Высокие металлические небоскрёбы Нью-Роуна кажутся холодными глыбами на фоне тёмно-серого неба. Их монотонность всегда была такой успокаивающей. Мои родители привезли меня сюда, когда я был ещё ребенком, но время пролетело незаметно. Я помню, как они держали меня за руки, и мы гуляли между этими небоскрёбами. Они рассказывали мне, что жили в двух кварталах друг от друга, но встретились, только когда им исполнилось по двадцать лет. Я уже давно забыл названия спектаклей, на которые мы ходили, и высококлассные рестораны, где мы обедали, но, как бы ни менялся этот город, я всегда буду помнить своё детство.

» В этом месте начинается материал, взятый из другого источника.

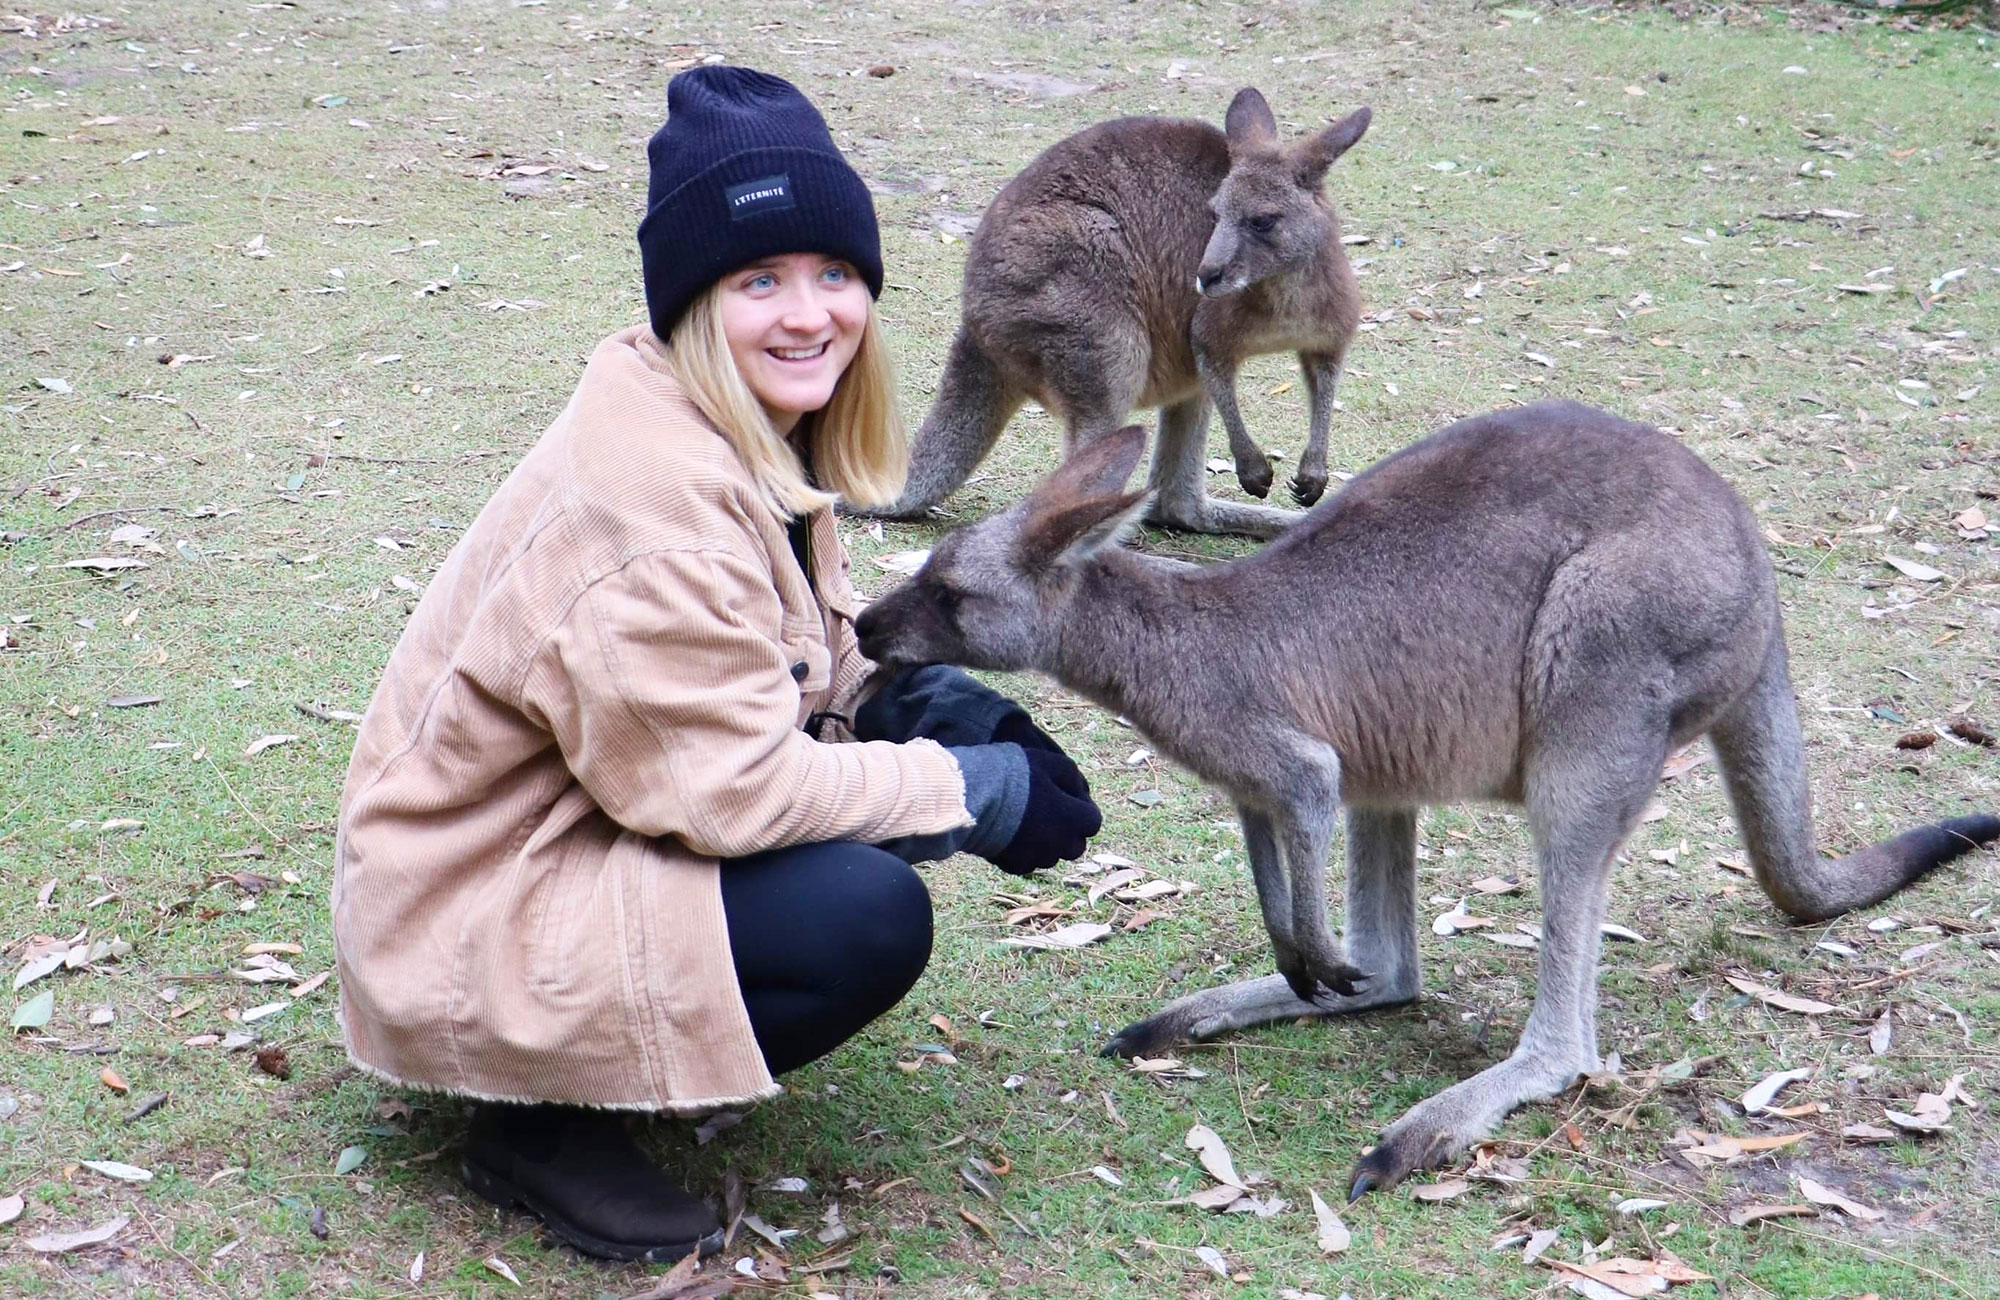 malin at uts in Sydney feeding kangaroos

Вскоре я фокусирую внимание на ссоре, которая готова перерасти в драку. Время после закрытия баров в городе считается самым опасным. Теперь я безошибочно вижу разницу между невинной пьяной болтовнёй и неразборчивой руганью, чреватой неприятными последствиями. Колёса машины скрипят по асфальту, когда я резко поворачиваю руль и ногой нажимаю на педаль тормоза. Я слышу женский крик. Каждая мышца моего тела напрягается так сильно, что готова разорвать кожу. Моё неудовлетворённое возбуждение готово взорваться во мне. Я даже рад зловониям «мусора» в Ист-Сайде. От этого «мусора» в виде людей мне и предстоит избавиться.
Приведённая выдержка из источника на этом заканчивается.